We can see in the code of pgfcorepathconstruct.code.tex at line 1297:

          {\pgfqpoint{.5\pgf@xc}{0\pgf@yc}}% found by trial and error
          {\pgfqpoint{.8875\pgf@xc}{.775\pgf@yc}}% found by trial and error

By the way there is no reason with bend option to draw a parabola using two cubic curves : any parabola can be drawn by a single quadratic (and so cubic) curve. You can check my answer at TeX.SX.

I think that bend=<point> should be interpreted as "the bend is over the x coordinate of the point". This is backward compatible when there exist a parabola that has a bend at the point. And in all other cases the current parabola operation is drawing a non parabola curve, so there is no need of backward compatibility.

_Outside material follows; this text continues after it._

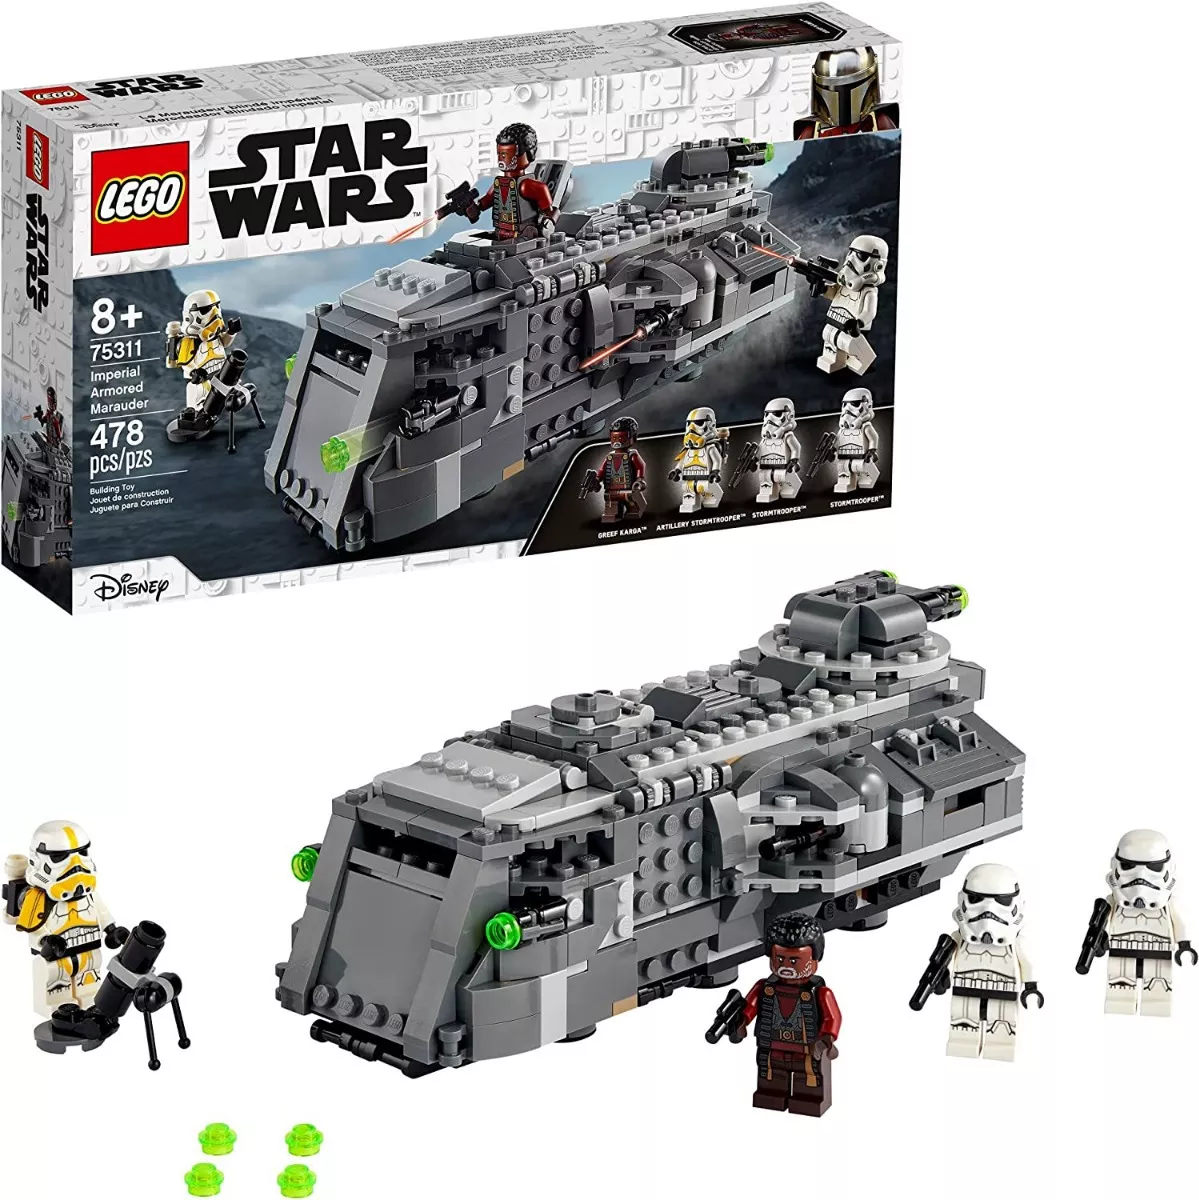 Lego Star Wars 75311 Imperial Armored Marauder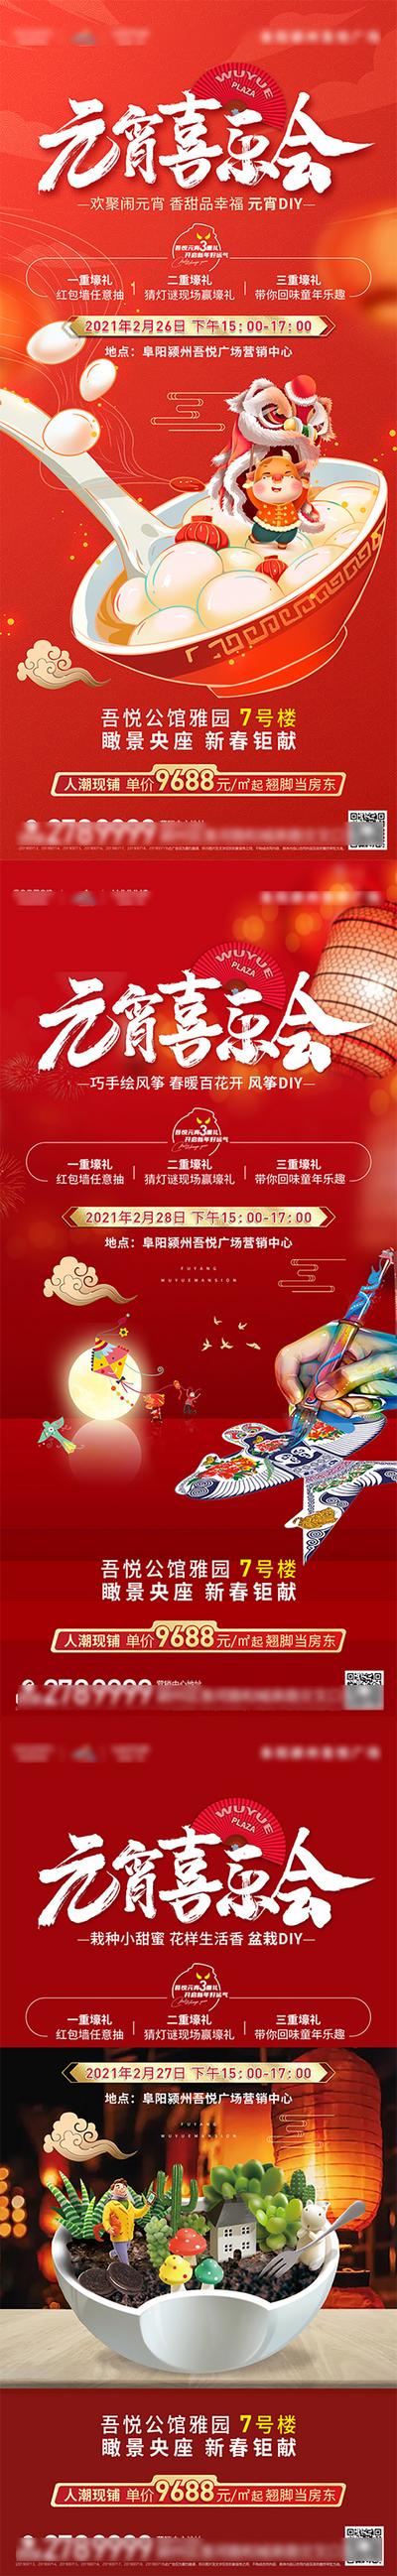 南门网 海报 房地产 元宵节 中国传统节日 活动 风筝 DIY

Also, it will be good to add trough=<point> option.

Discussion

  • Stefan Pinnow

    Stefan Pinnow - 2018-06-19
    • summary: Better parabola operation --> [parabola] Better parabola operation
    • status: open --> closed-fixed
     

  • Stefan Pinnow

    Stefan Pinnow - 2018-06-19

    Many thanks for the hint. I can confirm this and also added the correct values for the "first" parabola point in the definition (see attached code).

    For the record: Finding better solutions also for the sin and cos functions with the bezierplot package was not successful as can also be seen in the attached code.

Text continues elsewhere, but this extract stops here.